WHAT TO PRODUCE: Only the lines from the one that includes "Mark Tobey, Underwater Fragment (red) 1973" through the last line below belong in the reply, copied exactly and without pictures.

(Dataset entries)

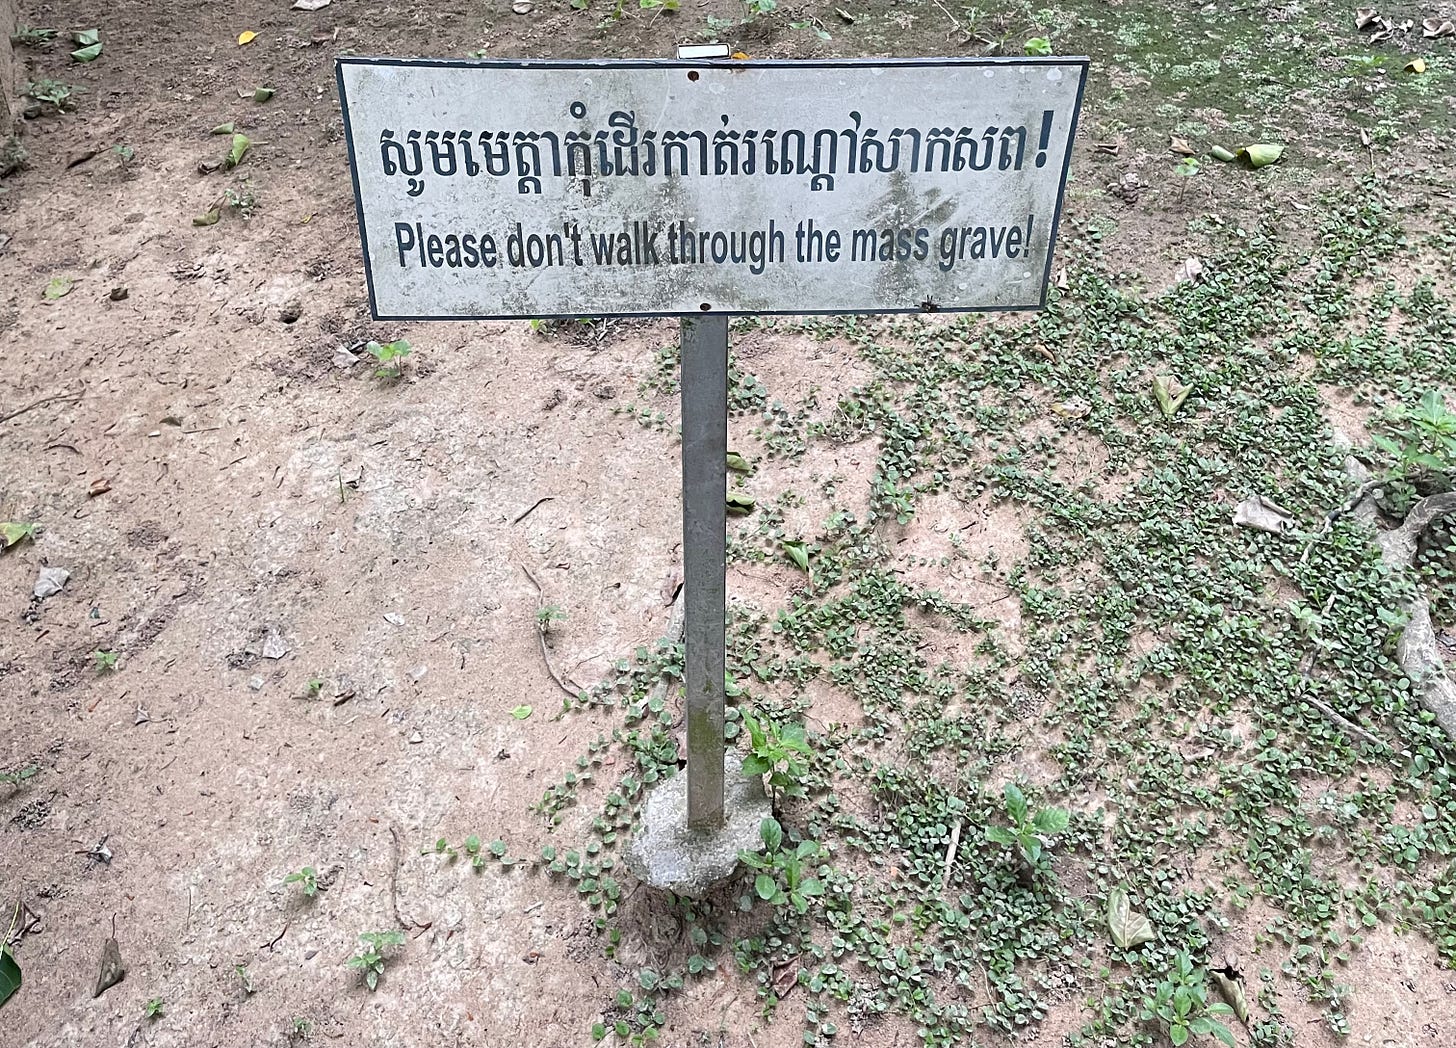 A sign at the Killing Fields that reads "Please don't walk through the mass grave!" in Khmer on top and English on bottom.
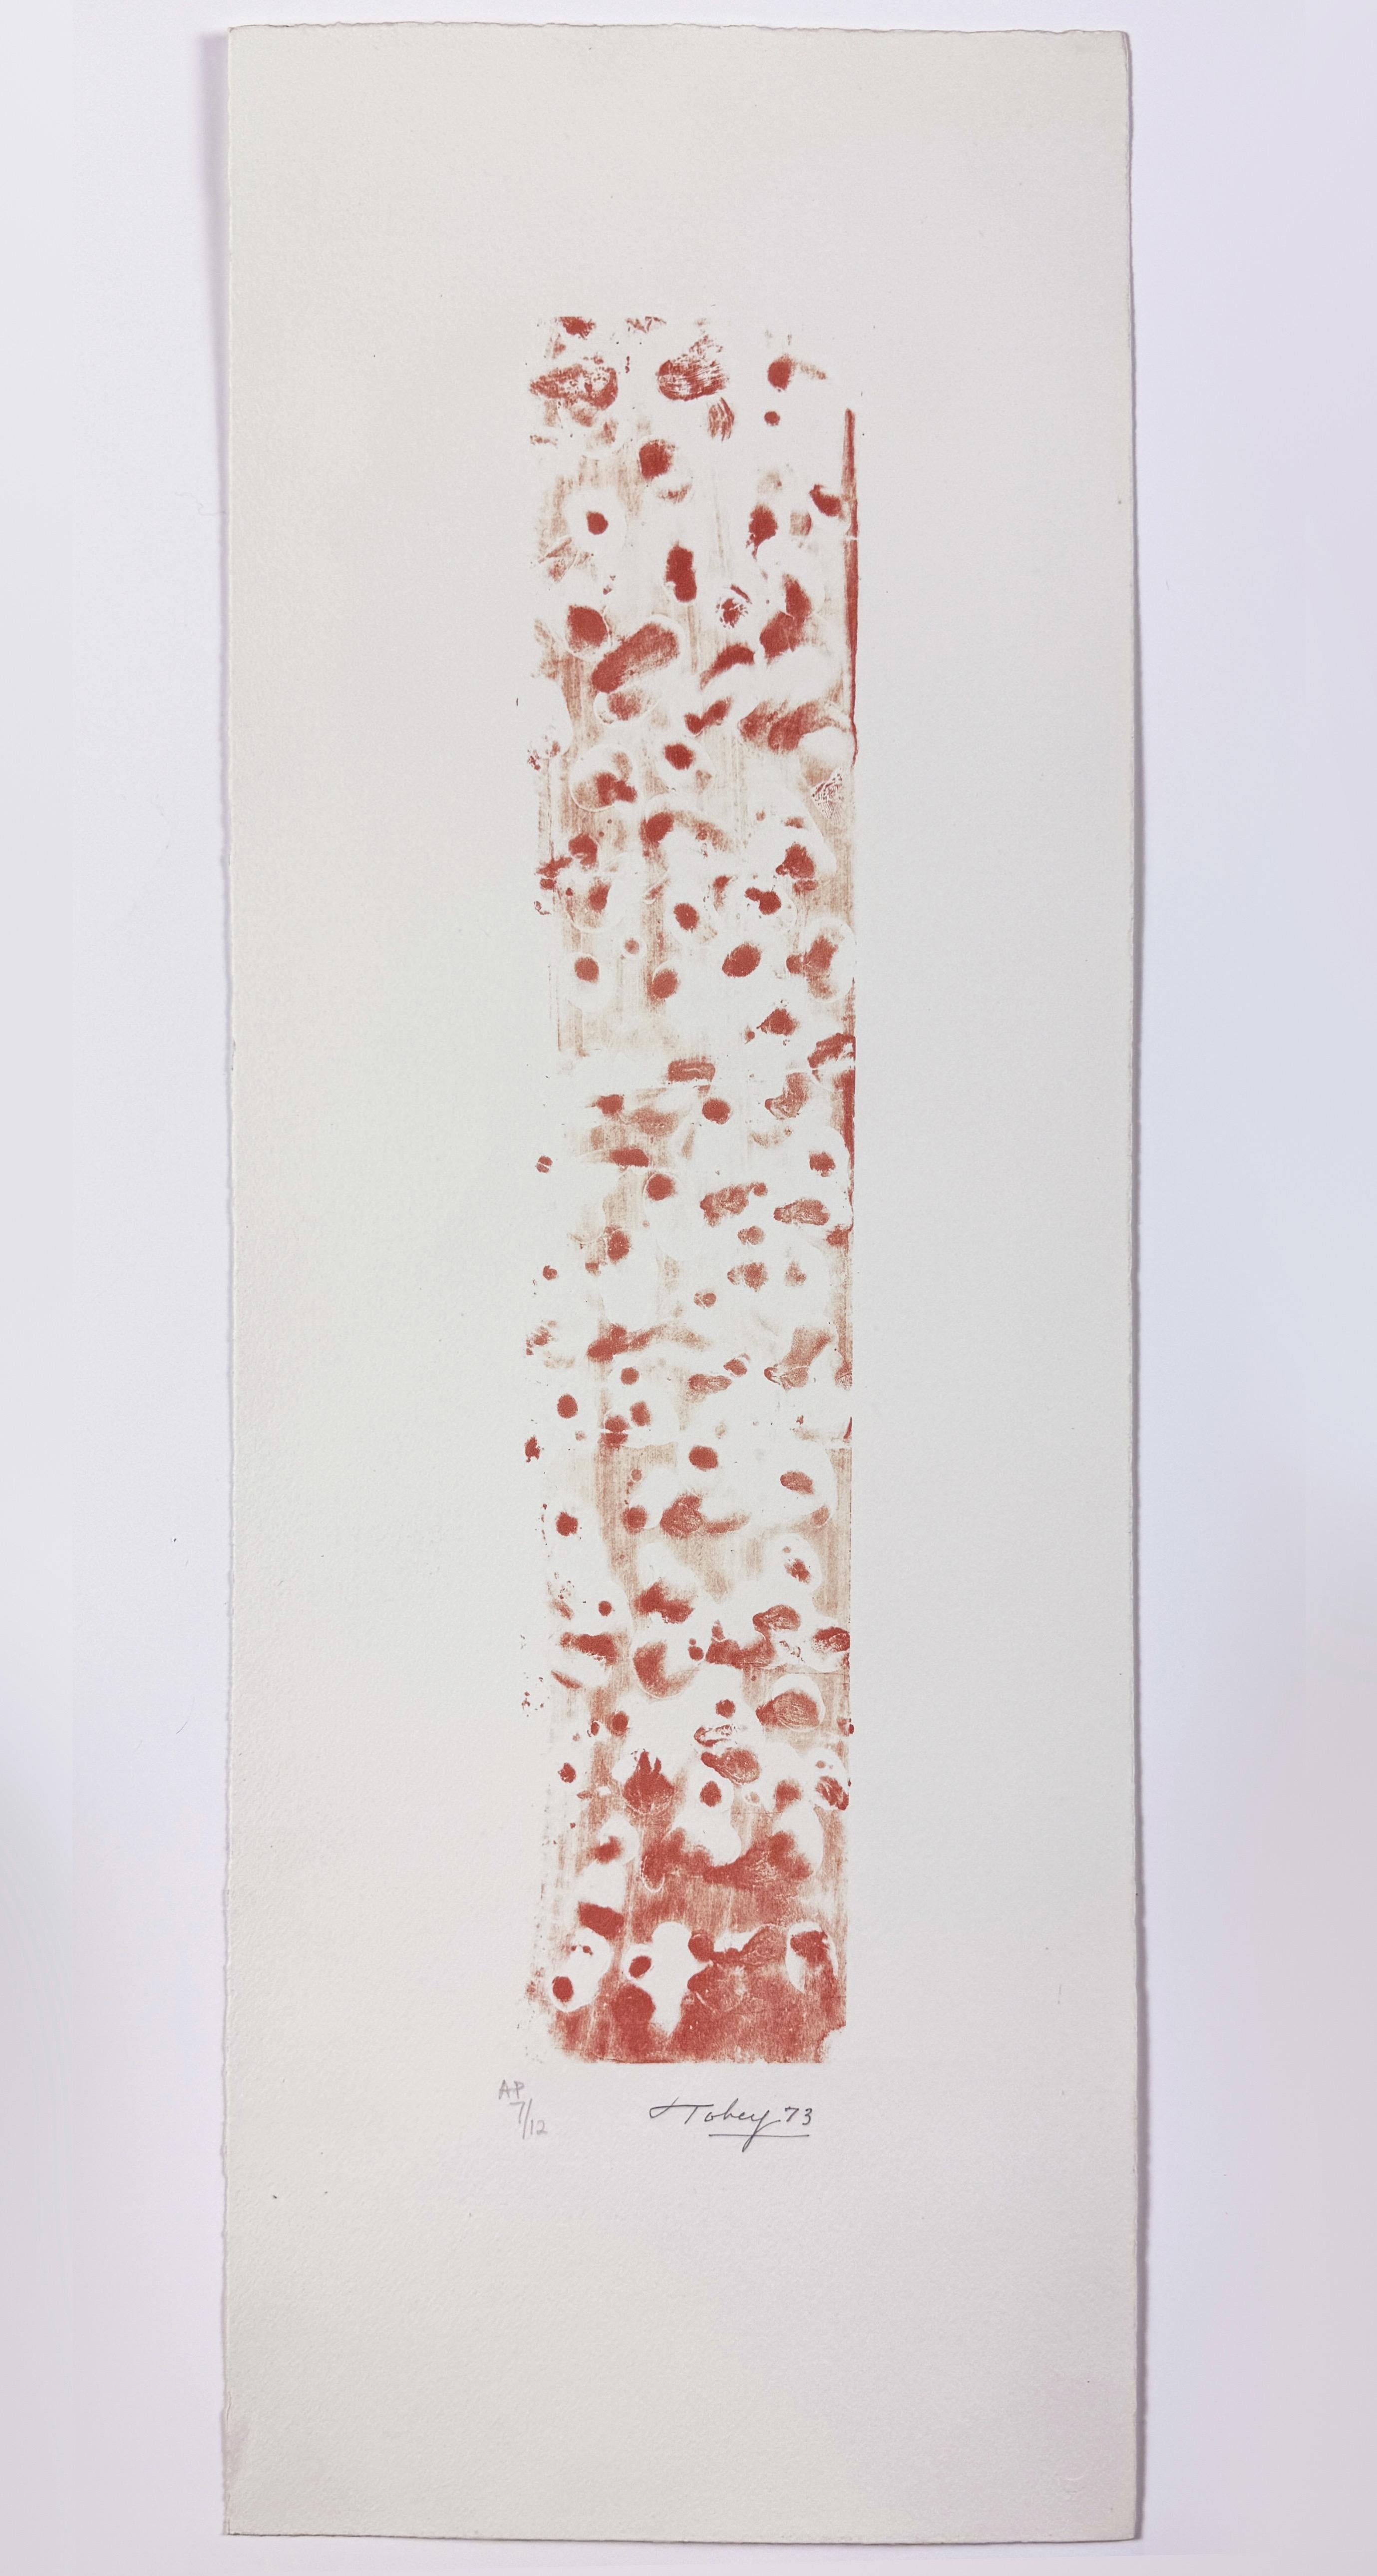 An expressive, moody abstract composition in red, with Mark Tobey’s soft, calligraphy-inspired mark-making reminiscent of water and bubbles flowing upward.

Mark Tobey, Underwater Fragment (red) 1973
sheet 26 15/16 in x 9 ¾ in / 68.42 cm x 24.77
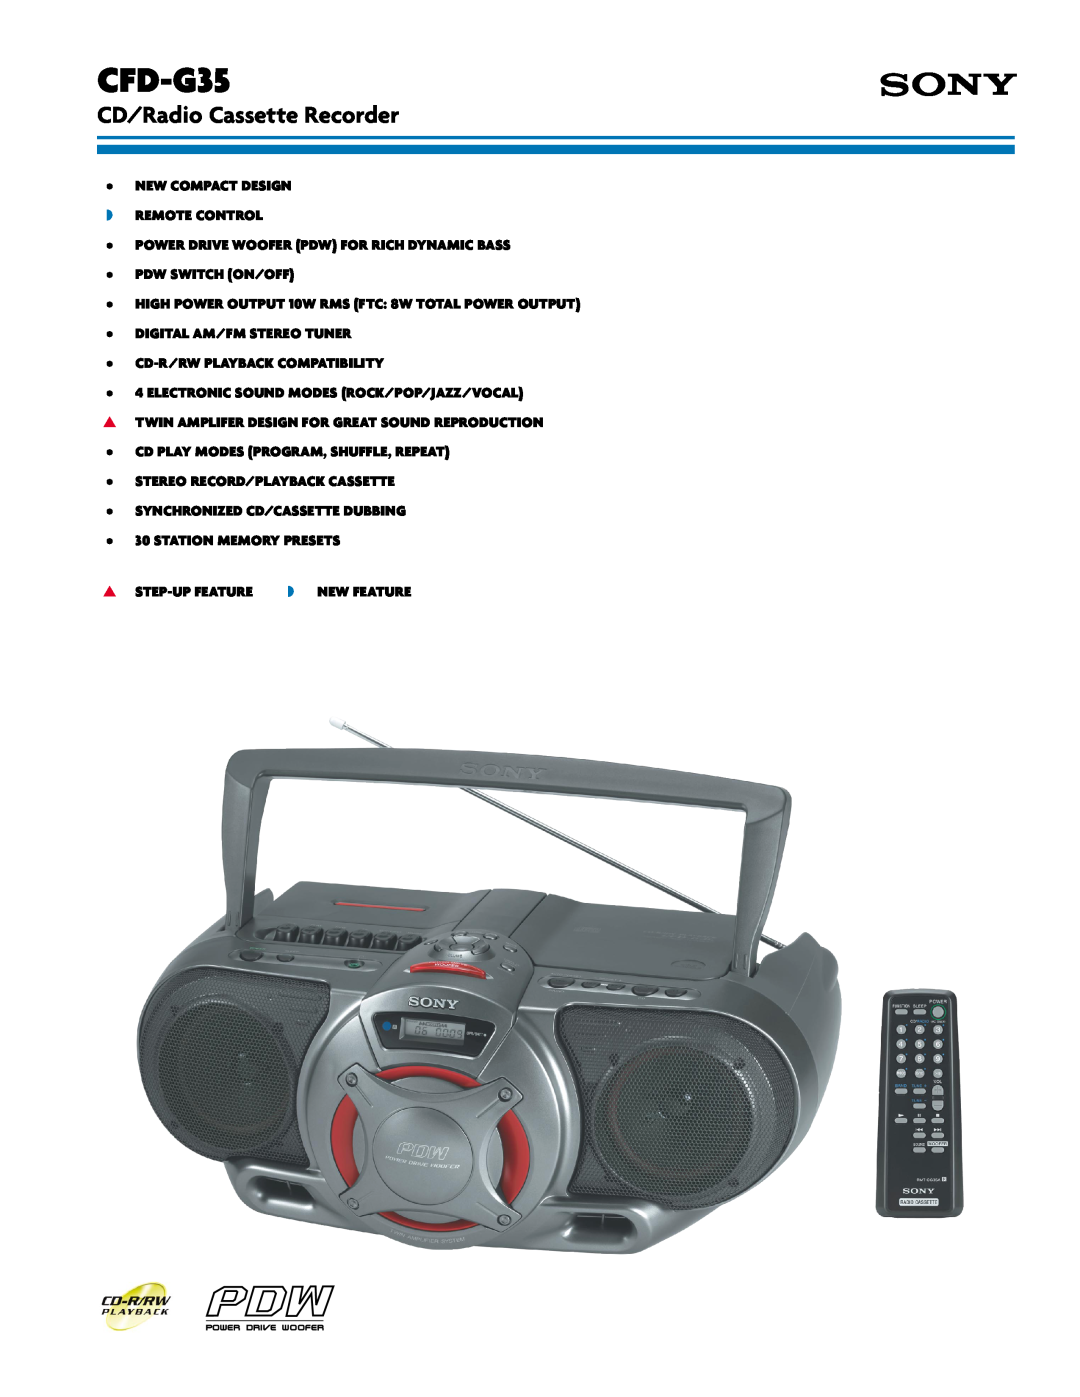 Sony 313, Portable CD Player manual CFD-G35, CD/Radio Cassette Recorder

ANSWER BOX:
Mark Tobey, Underwater Fragment (red) 1973
sheet 26 15/16 in x 9 ¾ in / 68.42 cm x 24.77
 Sony 313, Portable CD Player manual CFD-G35, CD/Radio Cassette Recorder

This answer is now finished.